Too bad he doesn't want to hold onto it, though I can understand why...


----------



## BikeNerd2453 (Jul 4, 2005)

Annnnnnnnnnnnnnnd it's gone.


----------



## The_Kraken (Jul 28, 2009)

*Pumpkinhead lives*

That sure would be a lucky SOB that ended up with that thing. Lets pray it ended up in the right hands and will be built up appropriately.


----------



## iyeoh (Jan 6, 2005)

Whose bike was that? Did somebody go broke or did he pass away? I honestly can't think of American superstar bike riders who would ride a Colnago (they all seem to prefer Taiwanese bikes with Japanese components). Or I'll be damned if it belongs to some superstar athlete in some other sport, like the one who swims faster than my wife drives, or the one relocating to Sweden. That's one tall guy who rode that bike.


----------



## BikeNerd2453 (Jul 4, 2005)

iyeoh said:


> Whose bike was that? Did somebody go broke or did he pass away? I honestly can't think of American superstar bike riders who would ride a Colnago (they all seem to prefer Taiwanese bikes with Japanese components). Or I'll be damned if it belongs to some superstar athlete in some other sport, like the one who swims faster than my wife drives, or the one relocating to Sweden. That's one tall guy who rode that bike.


He's not *that* tall, but long legs and a penchant for super-deep handlebar drops led to that spec. It's a 59cm if I remember correctly, a size bigger than I ride in Colnagos.
I'm sure he has his reasons for selling, but it's still a shame.

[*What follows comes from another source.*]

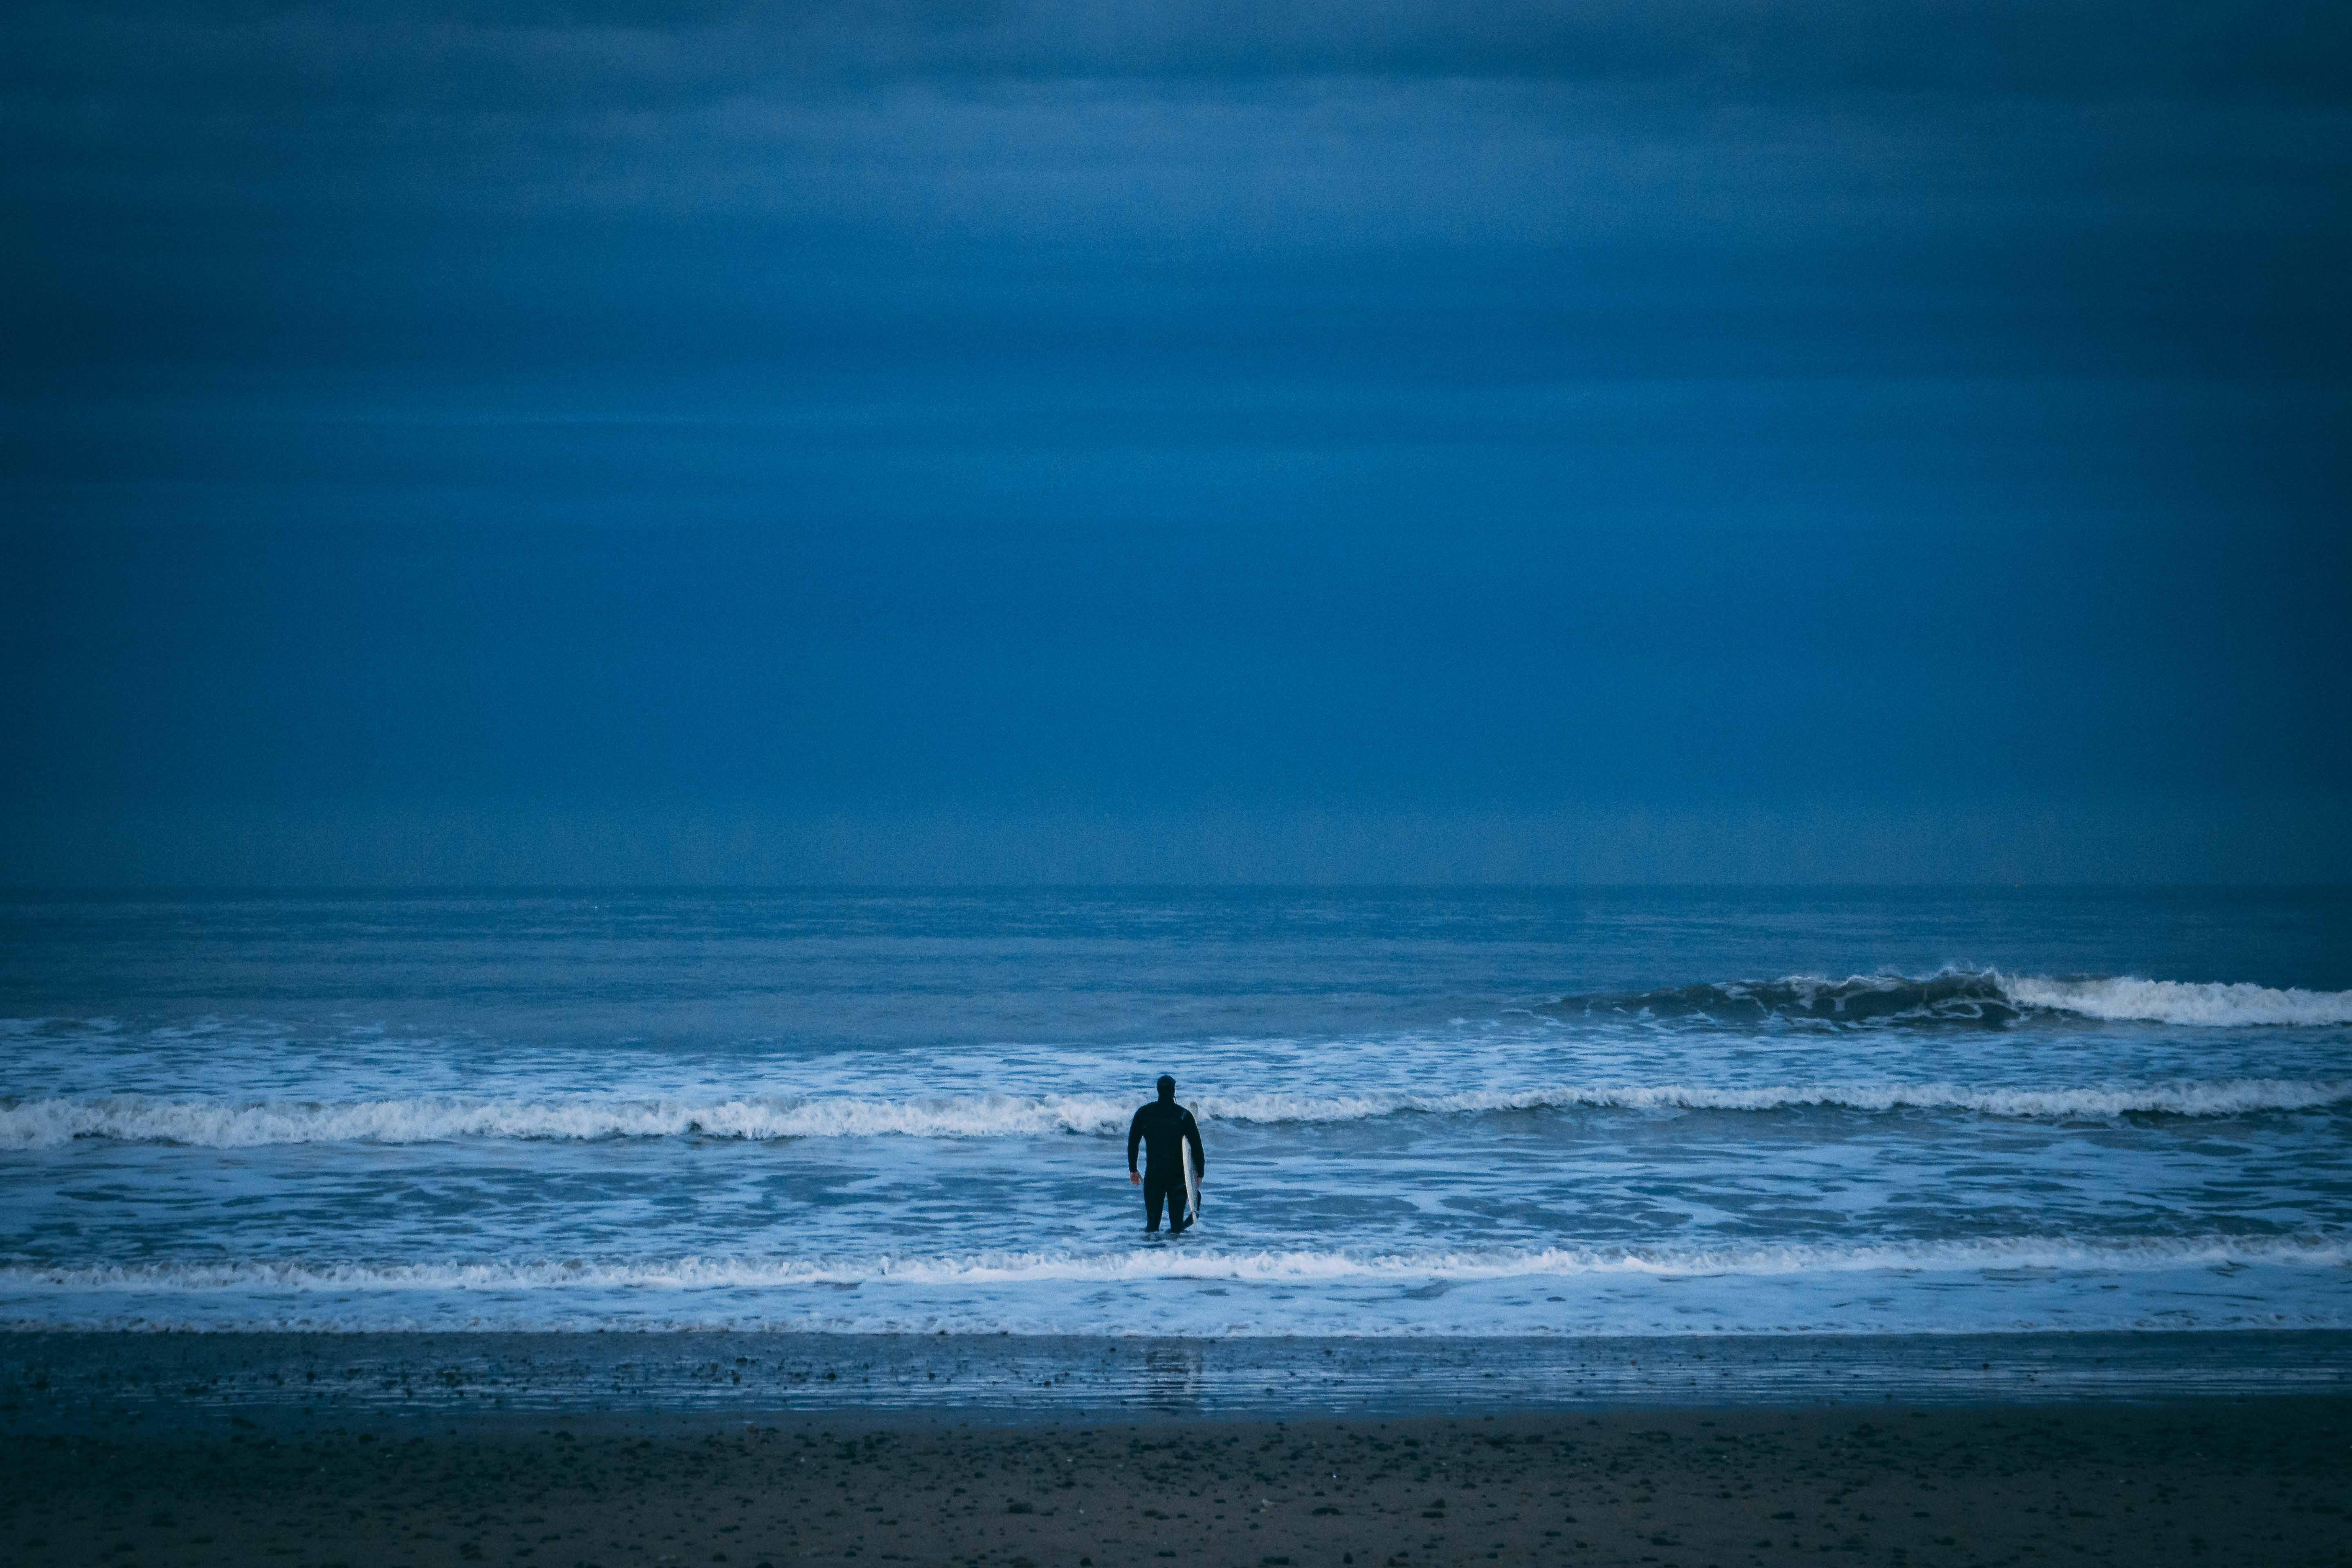 man standing on beach under cloudy sky

Shimano is "for fishing" as he'd say, Campy only...


----------



## BDB (Jul 8, 2002)

That's gorgeous.. Who offered the EPS in Molteni? or is this a Maestro Special?


----------



## haydos (Sep 17, 2007)

I dón't mean to put a dampener on things but I just don't like it...

Sorry ;(

Now a Molteni C-50 with classic handbuilt rims might be a different matter...


----------



## kjmunc (Sep 19, 2005)

Wow, what happened here? A man doesnt check the board for 11hrs and a one of a kind EPS is offered and sold somehow? 

Looks just like my kind of drop and size too. What's the story behind this one?


----------



## BikeNerd2453 (Jul 4, 2005)

kjmunc said:


> Wow, what happened here? A man doesnt check the board for 11hrs and a one of a kind EPS is offered and sold somehow?
> 
> Looks just like my kind of drop and size too. What's the story behind this one?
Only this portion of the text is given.